- SUPPLIED DATA
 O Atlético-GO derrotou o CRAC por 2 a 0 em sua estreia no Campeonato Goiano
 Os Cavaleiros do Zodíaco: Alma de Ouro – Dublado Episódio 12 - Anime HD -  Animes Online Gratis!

---

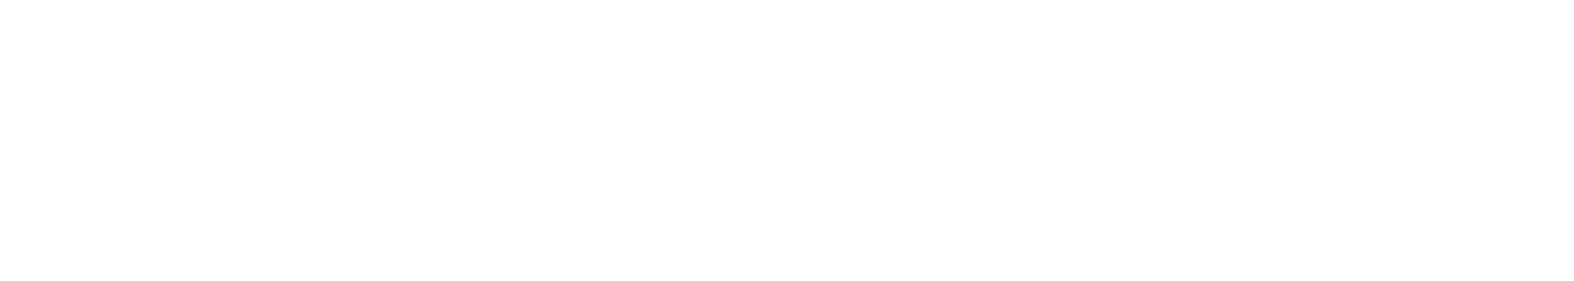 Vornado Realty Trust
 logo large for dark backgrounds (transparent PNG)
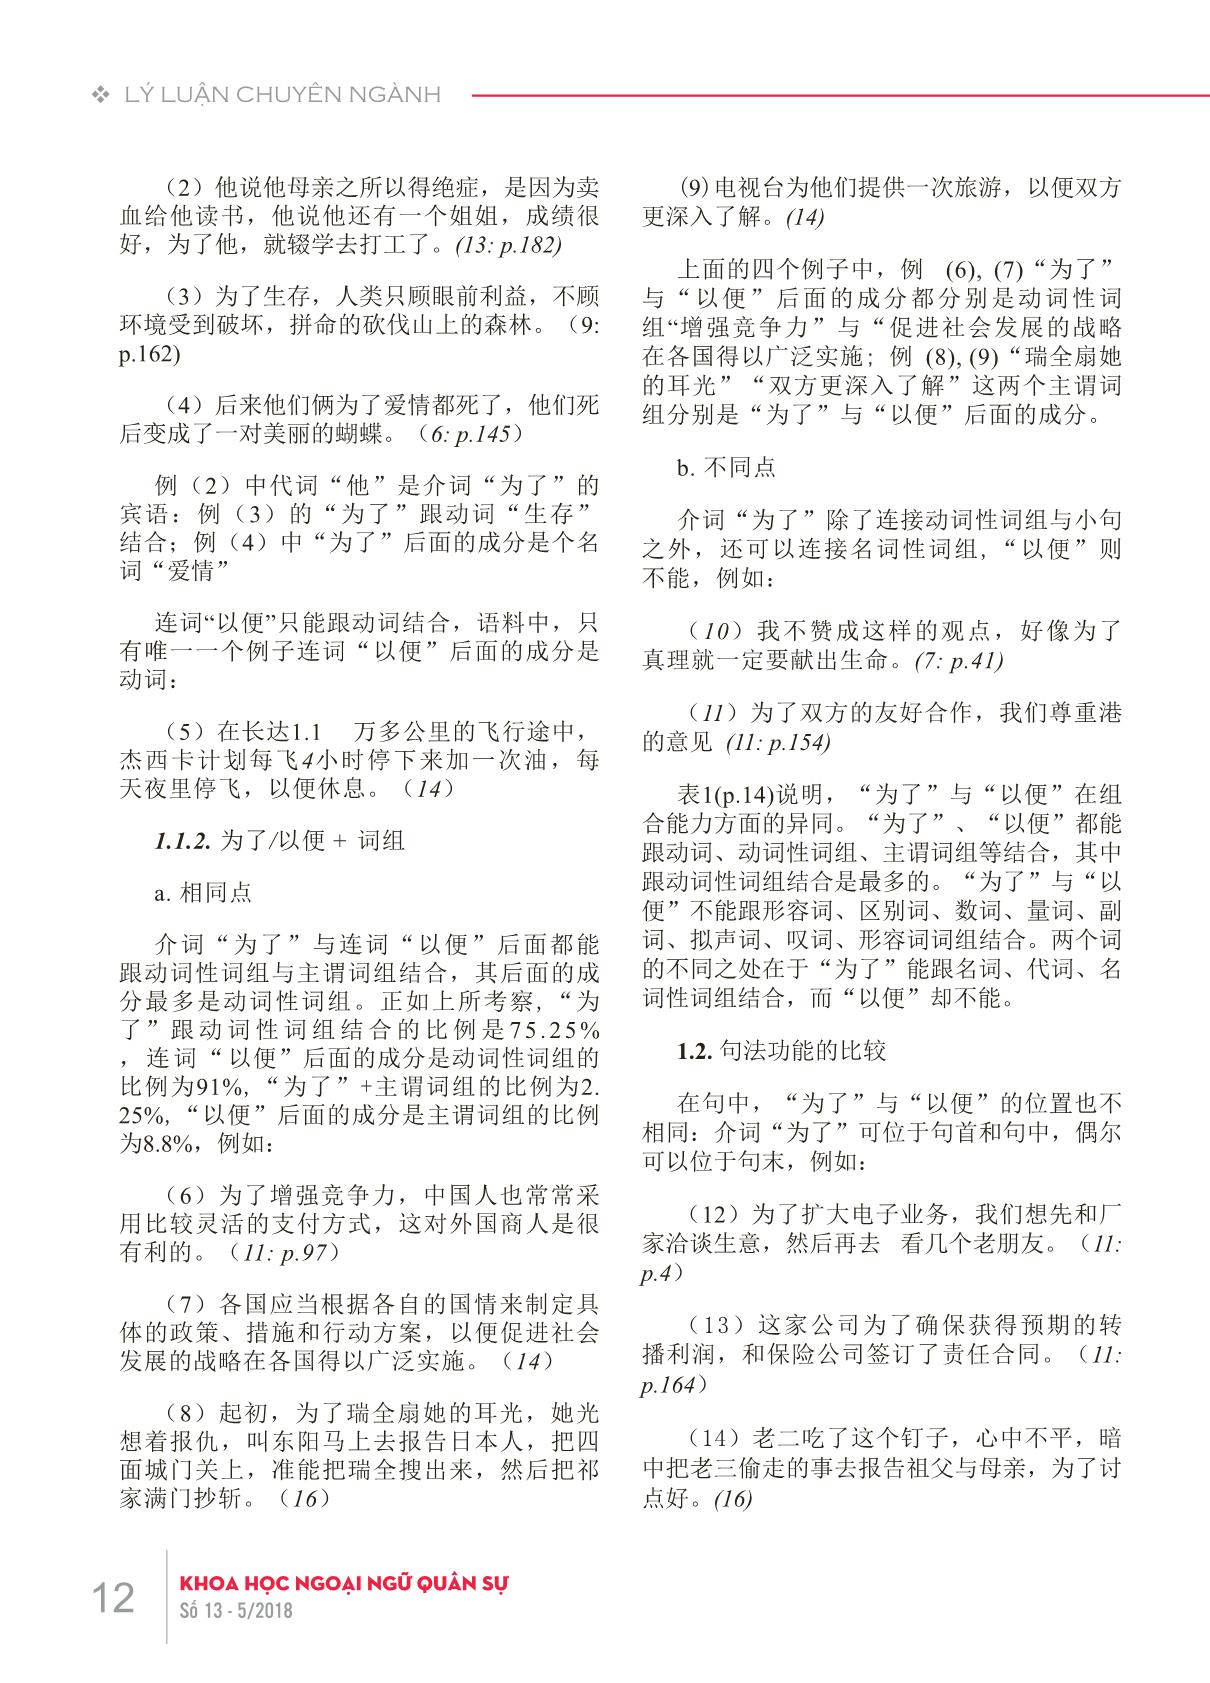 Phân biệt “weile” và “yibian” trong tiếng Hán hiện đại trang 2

- EXERCISE OBJECTIVE
Give the exact lines, and only those, from the line containing "O Atlético-GO derrotou" through the line containing "Os Cavaleiros do" in the entries above.

- RESULT OF THE EXERCISE
 O Atlético-GO derrotou o CRAC por 2 a 0 em sua estreia no Campeonato Goiano
 Os Cavaleiros do Zodíaco: Alma de Ouro – Dublado Episódio 12 - Anime HD -  Animes Online Gratis!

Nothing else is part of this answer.